------ Data provided

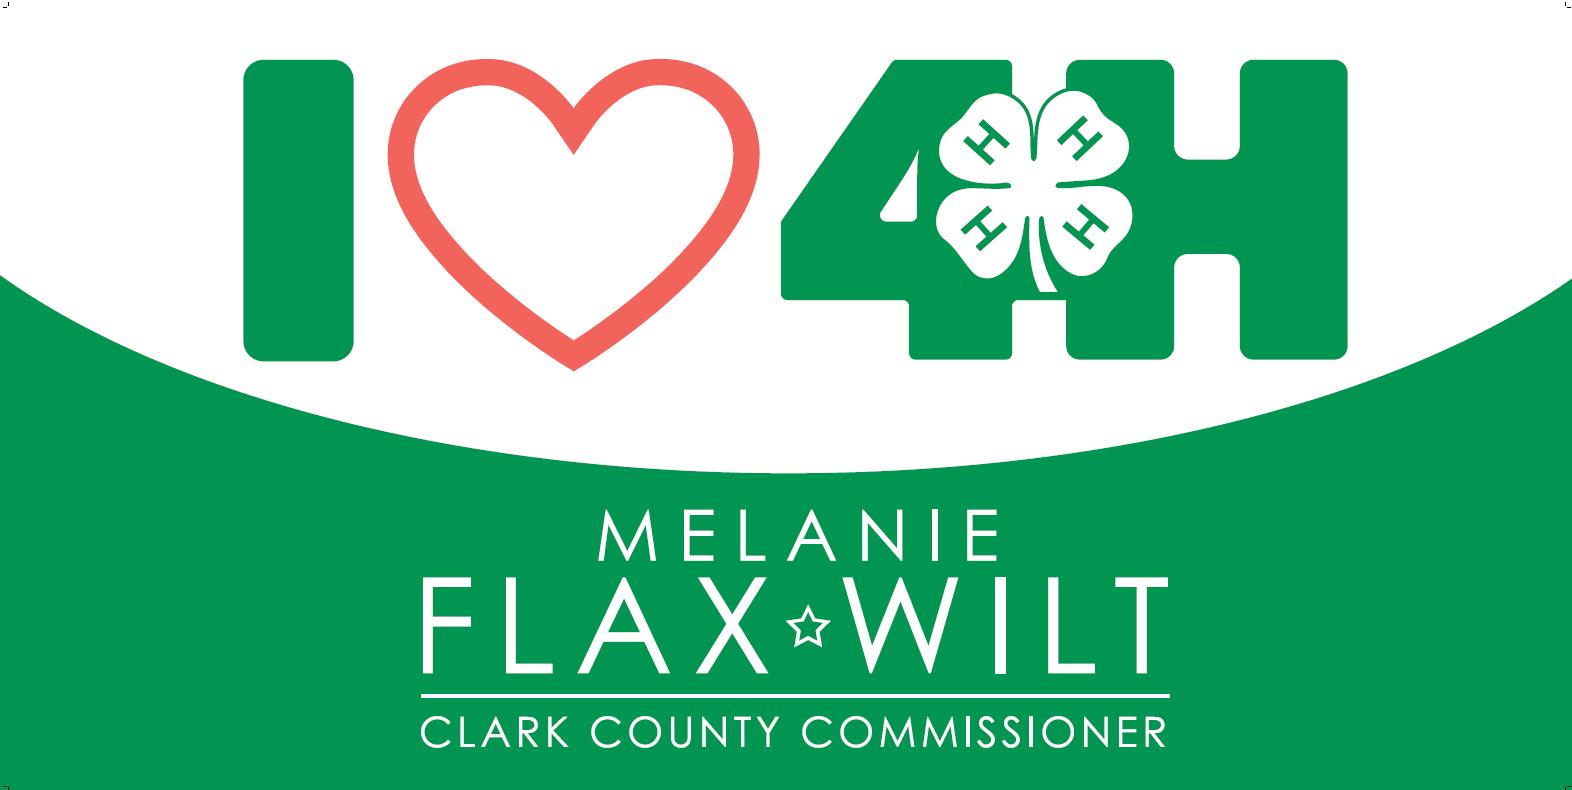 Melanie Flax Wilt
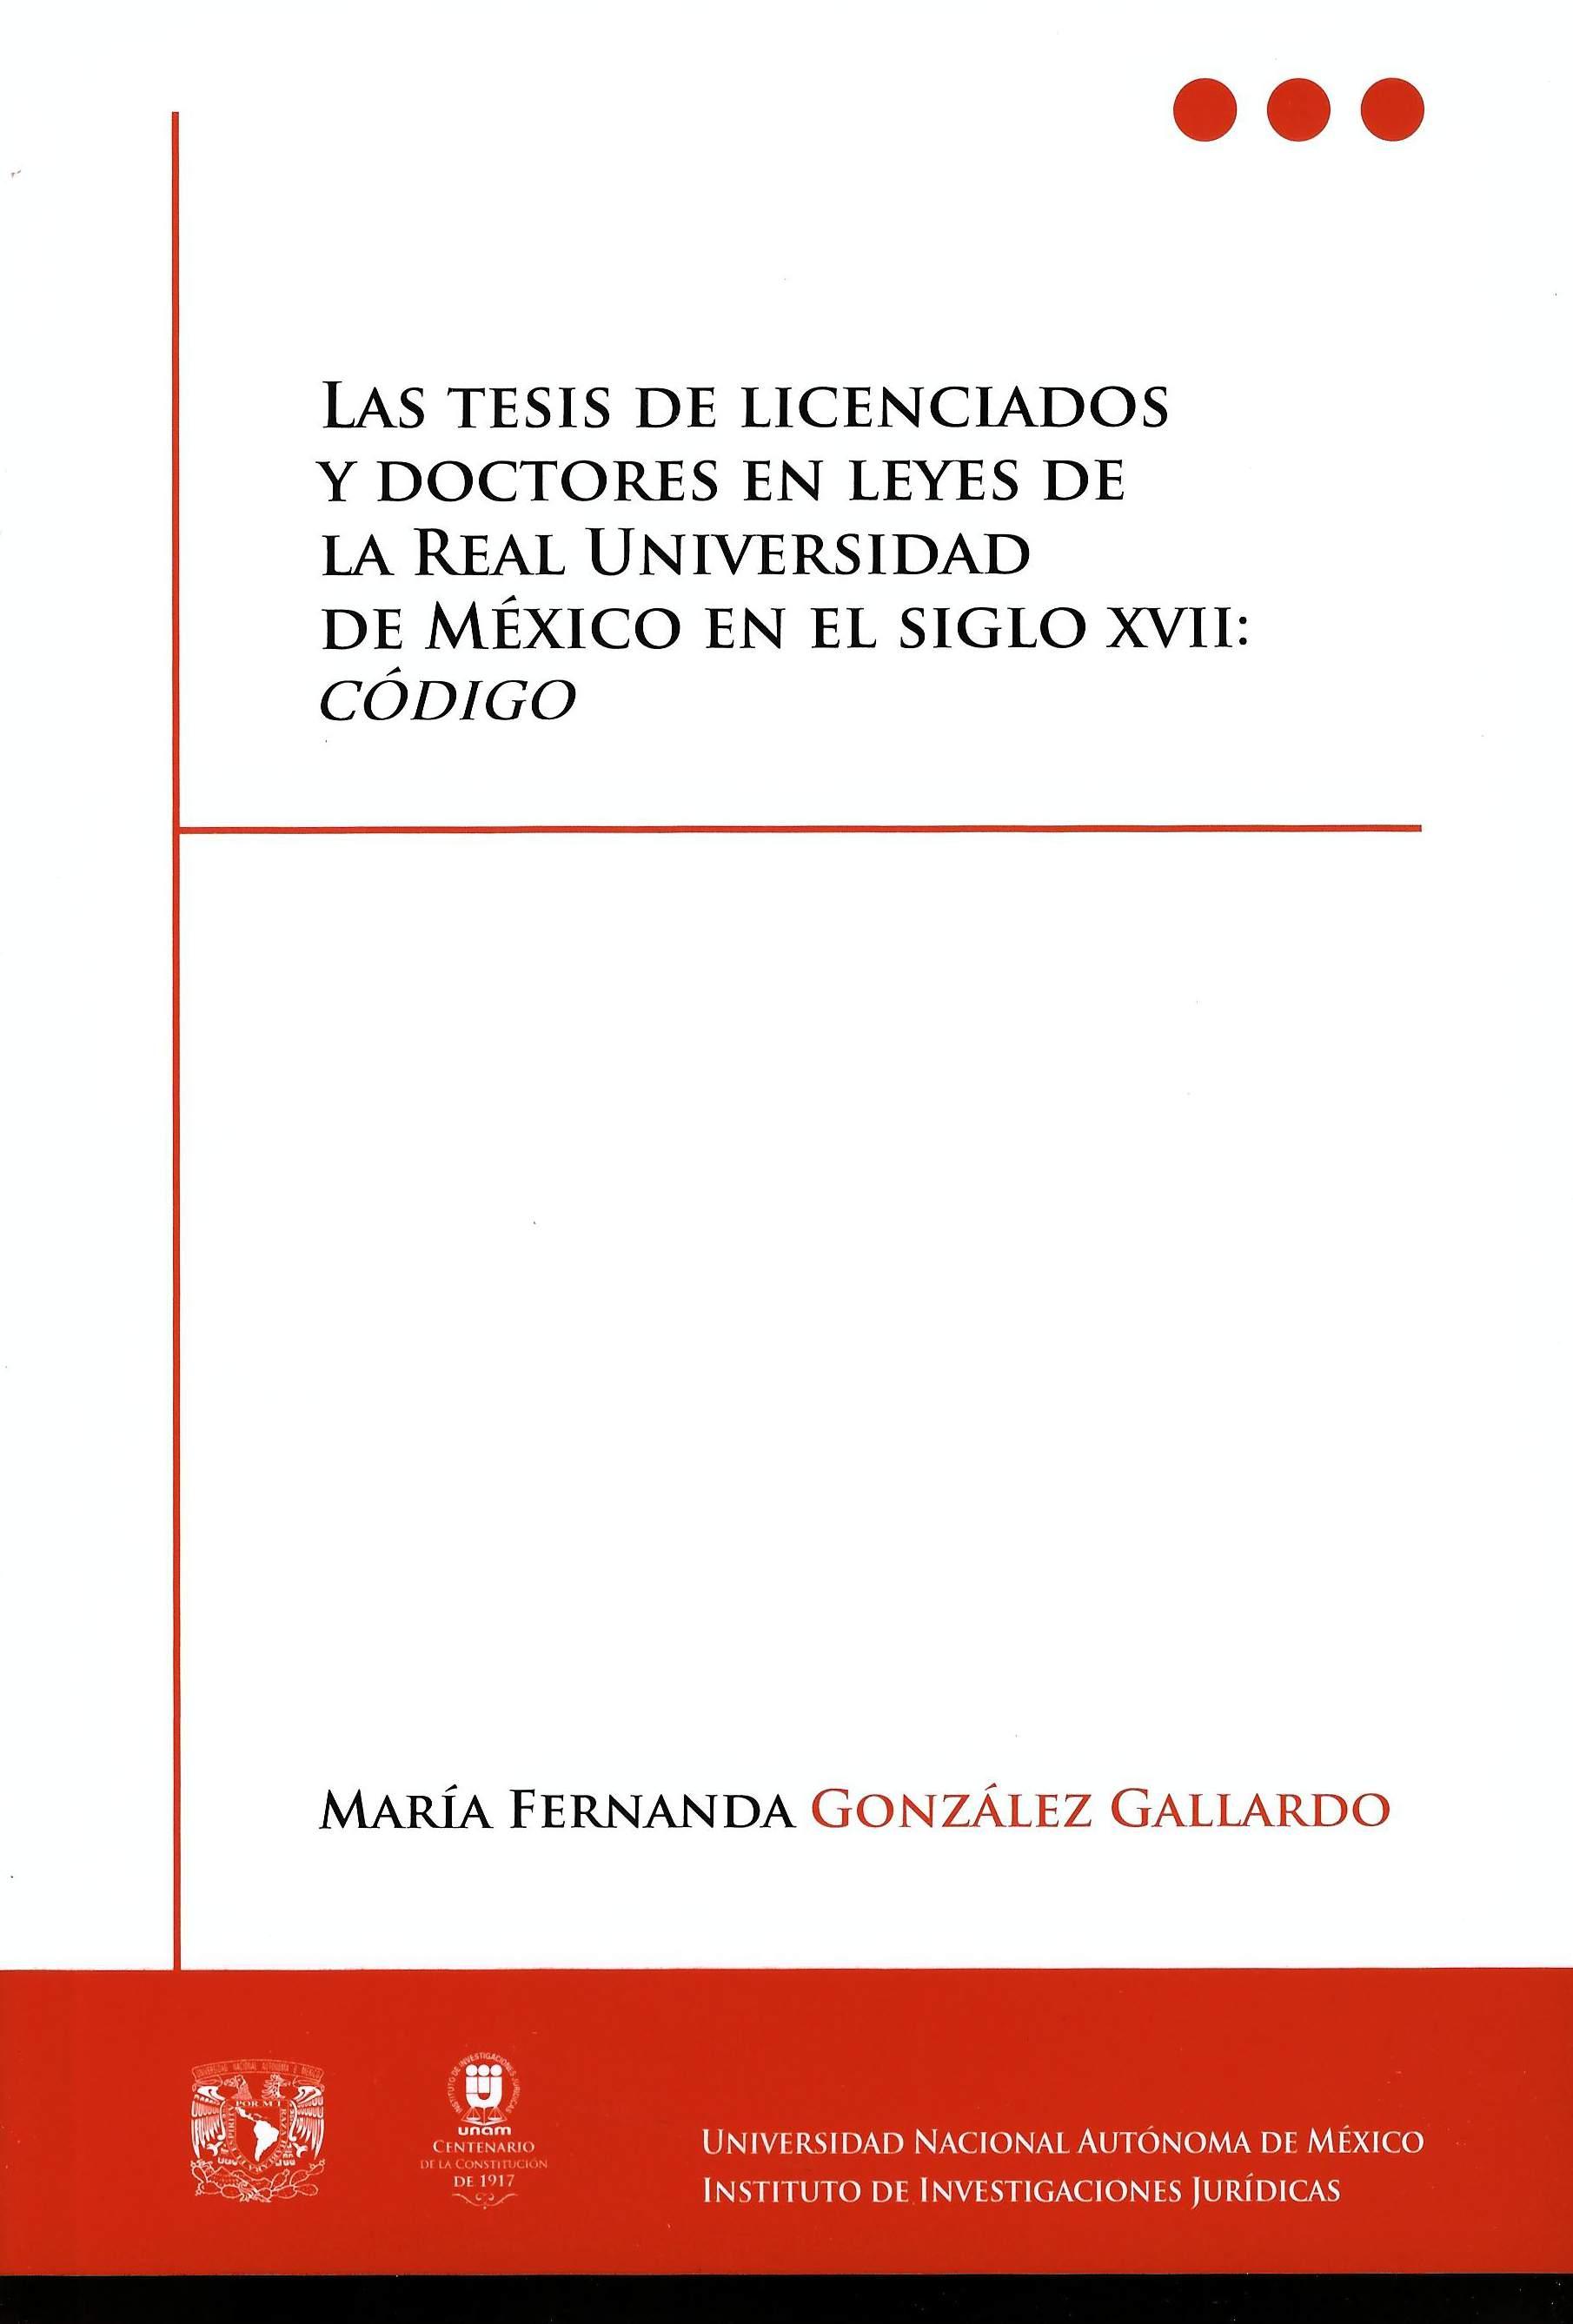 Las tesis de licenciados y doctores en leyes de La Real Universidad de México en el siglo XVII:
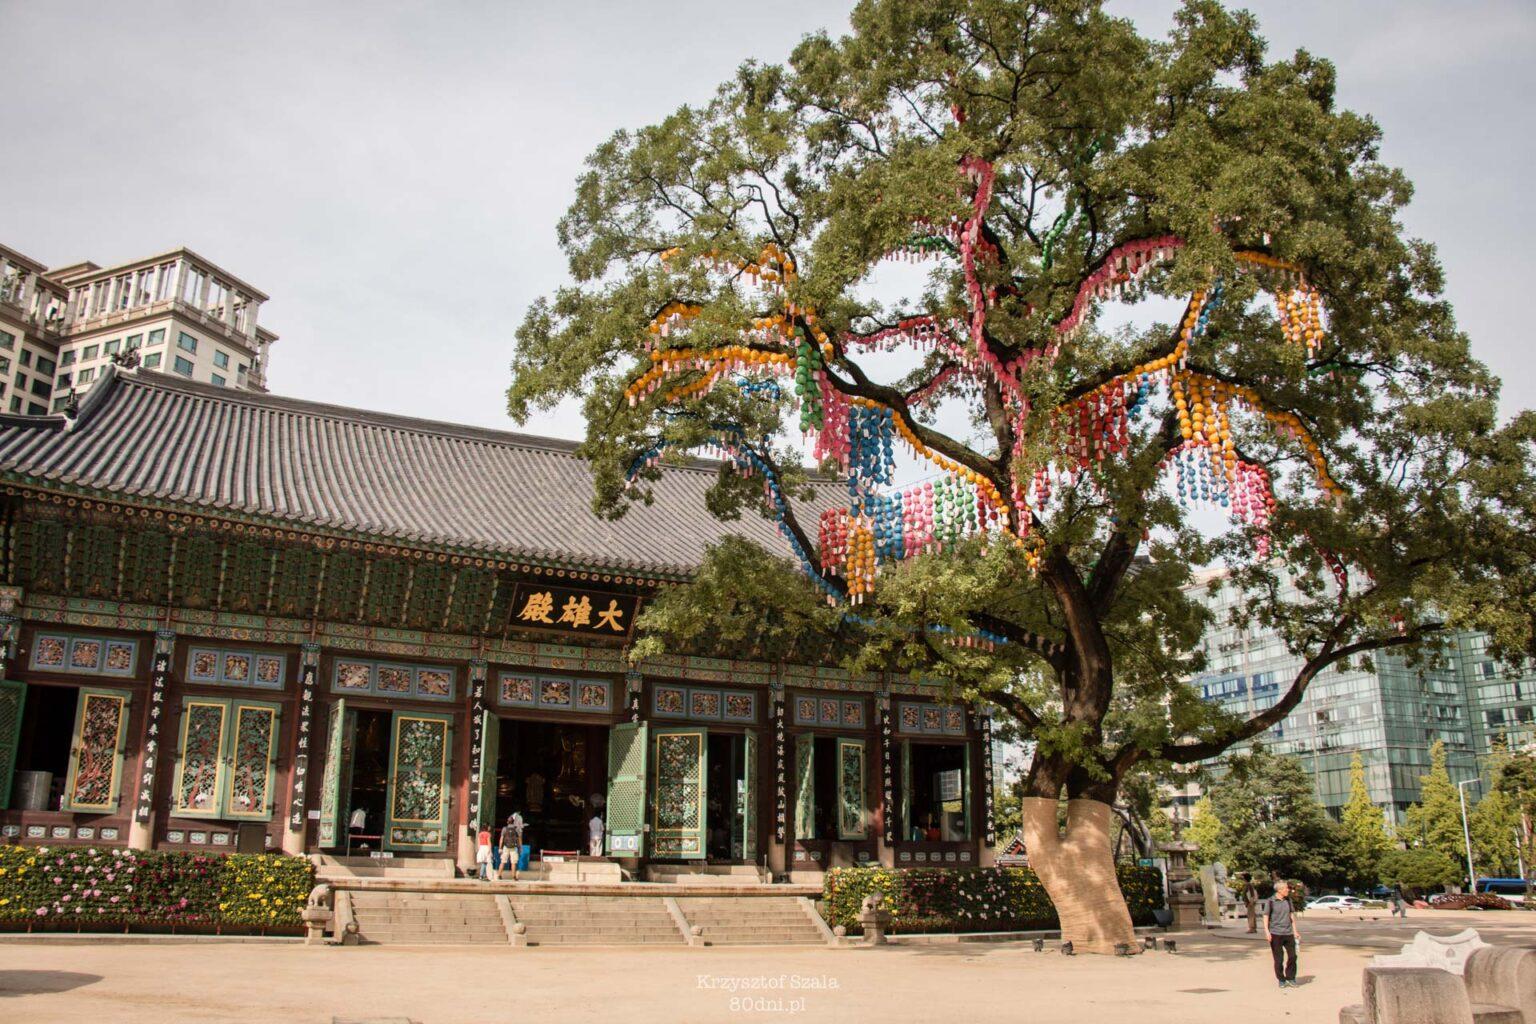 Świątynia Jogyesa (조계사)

------------

== Problem description ==
This task calls for the listing to be restated exactly, with images omitted.

== Expected output ==
 Melanie Flax Wilt
 Las tesis de licenciados y doctores en leyes de La Real Universidad de México en el siglo XVII:
 Świątynia Jogyesa (조계사)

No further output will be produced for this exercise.